**Problem statement**
Begin your copy at the line that holds "Gunold Poly 40" and carry it through the final line of the data, writing out each line exactly and omitting pictures.

**Dataset section**

+ + +

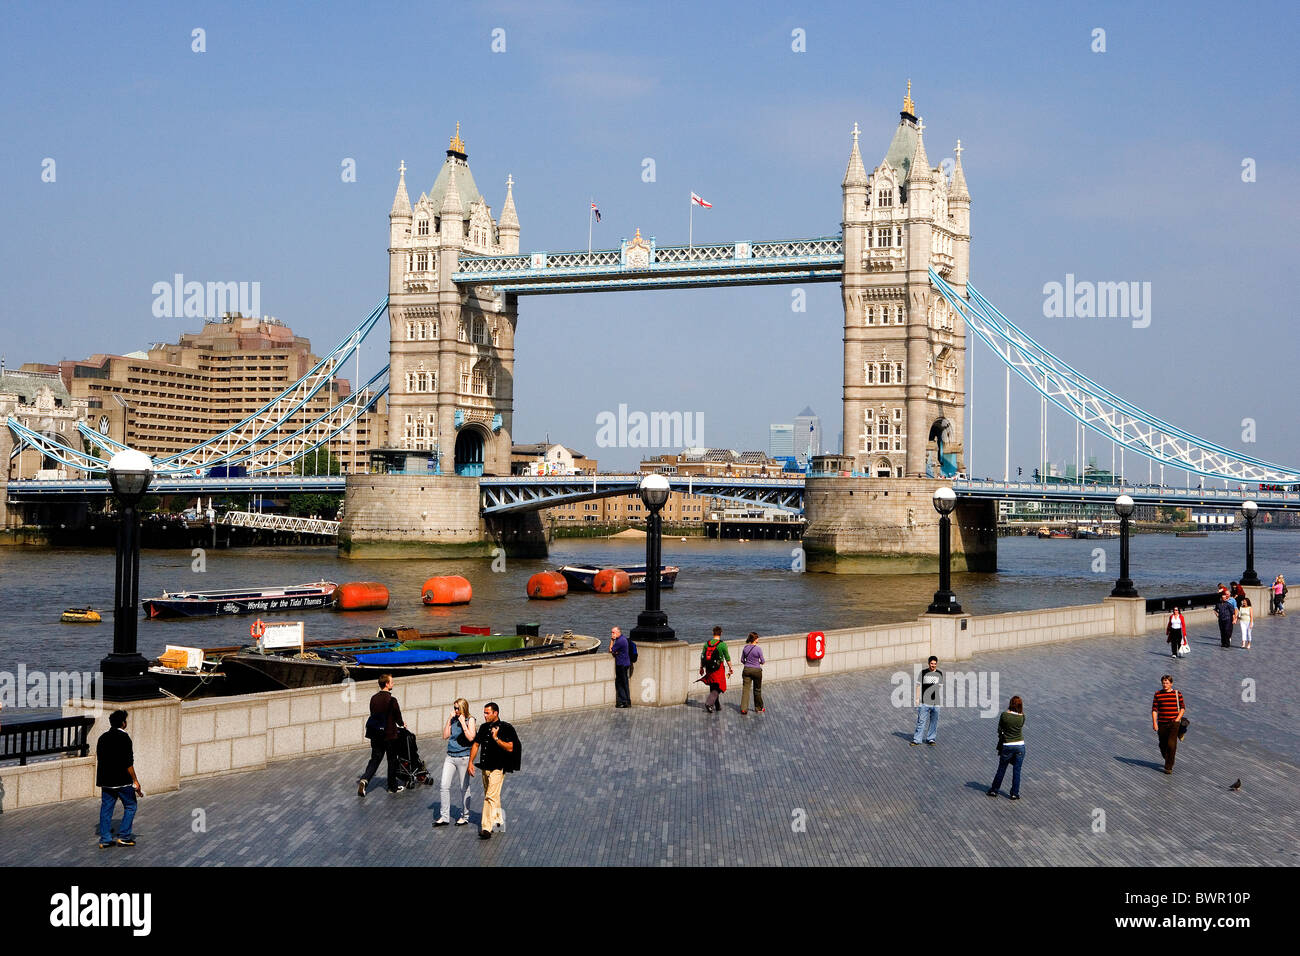 UK London City Tower Bridge Landmark Thames River Shore
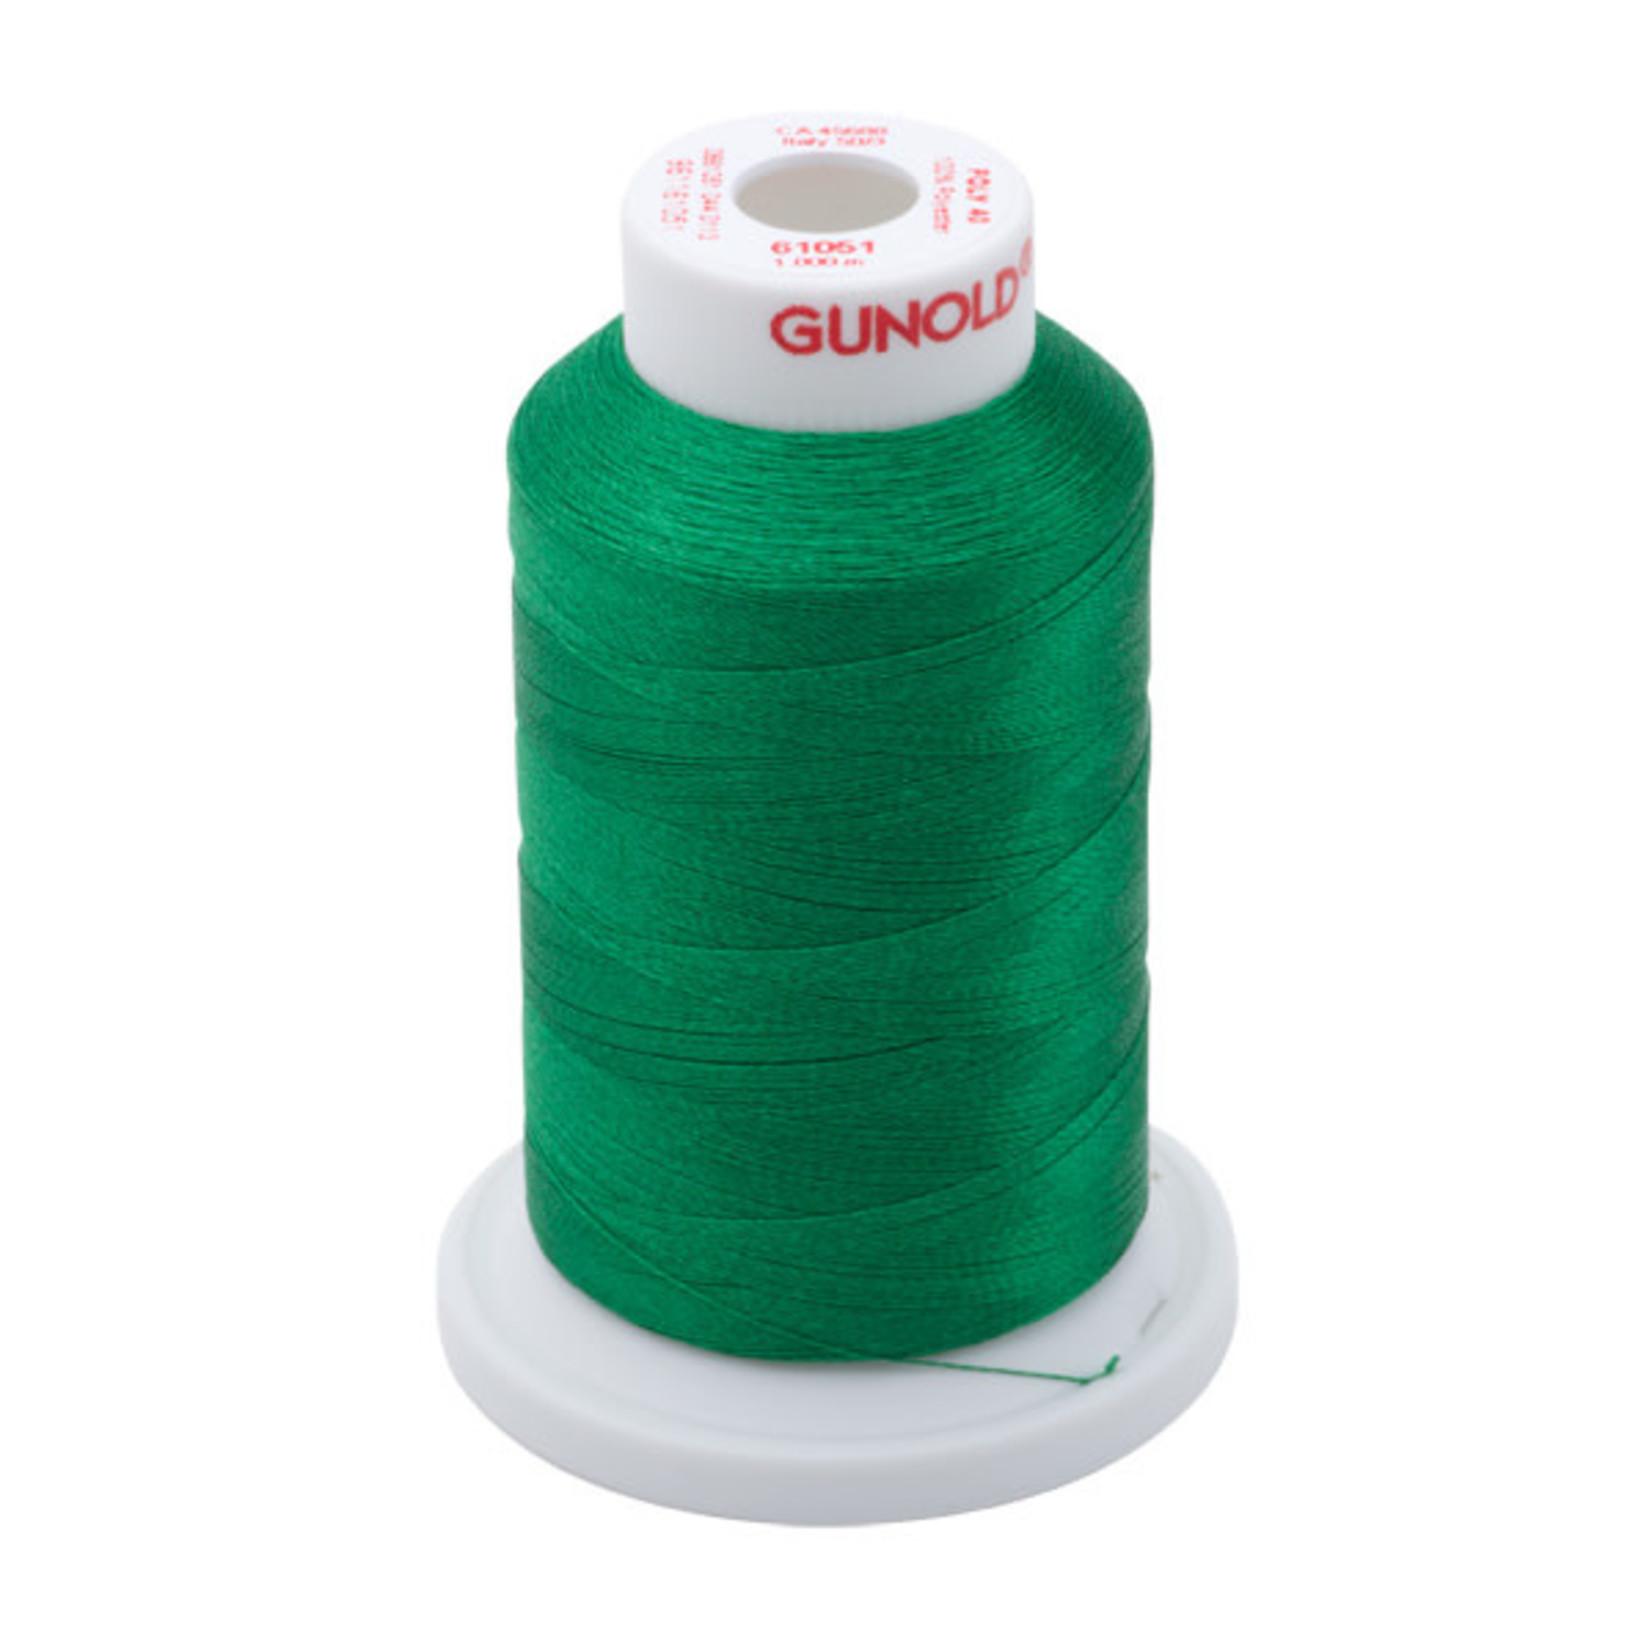 Gunold Poly 40 WT 61051 Christmas Green 1000m
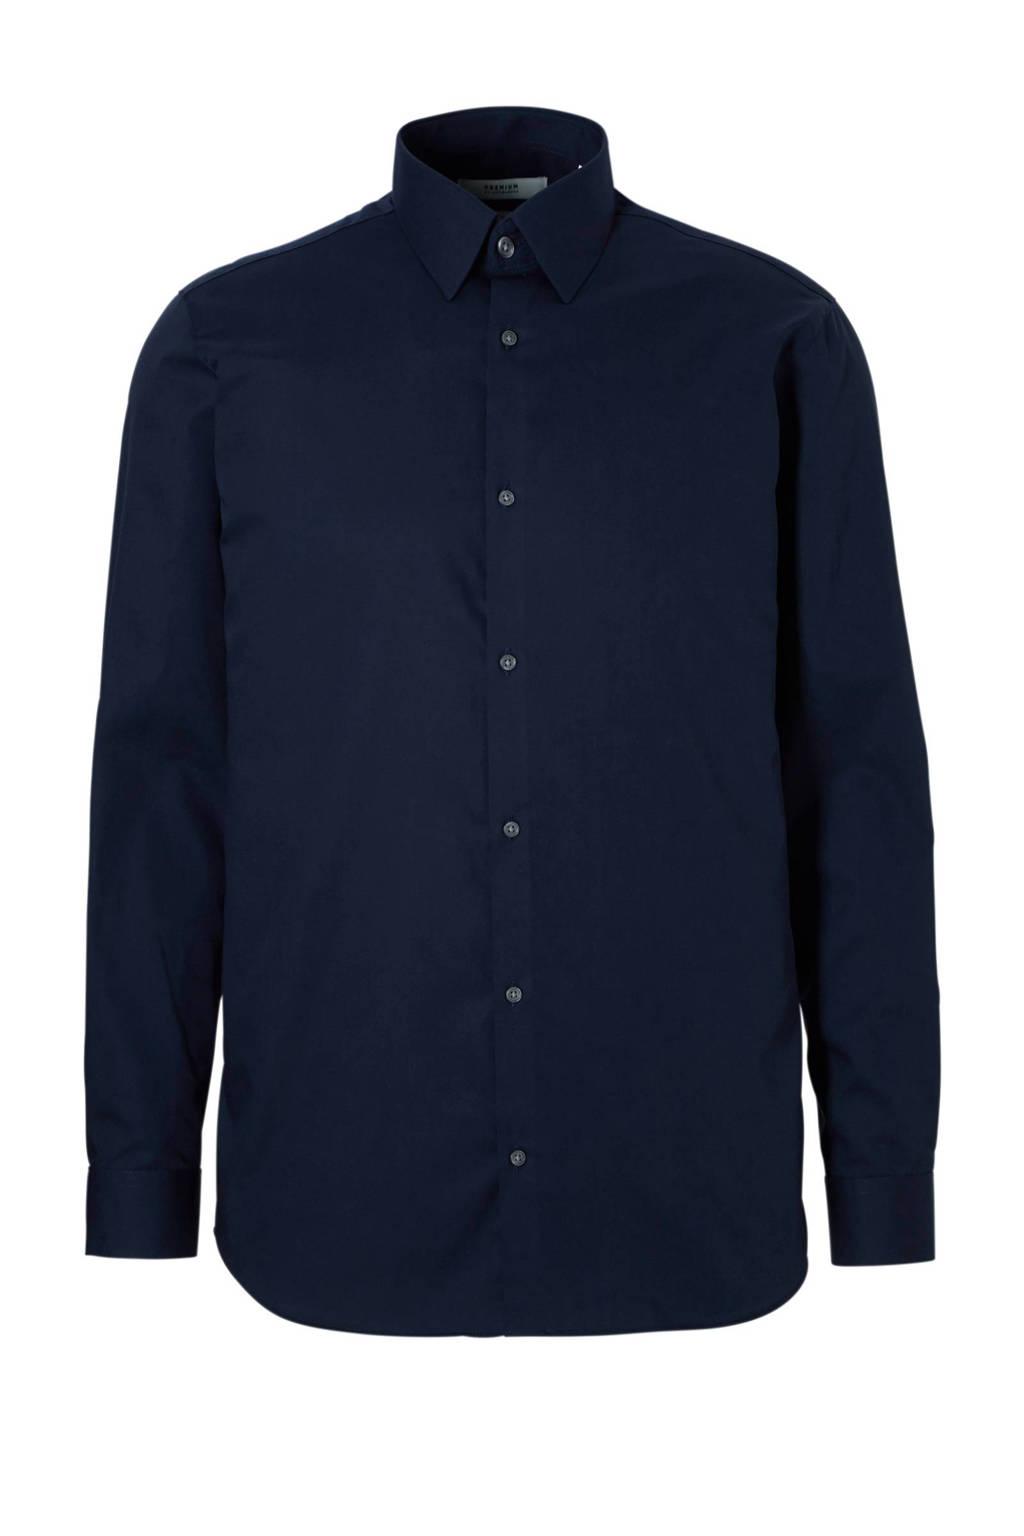 JACK & JONES PREMIUM slim fit overhemd, Donkerblauw

+ + +

**Response to this exercise**
 Gunold Poly 40 WT 61051 Christmas Green 1000m
 JACK & JONES PREMIUM slim fit overhemd, Donkerblauw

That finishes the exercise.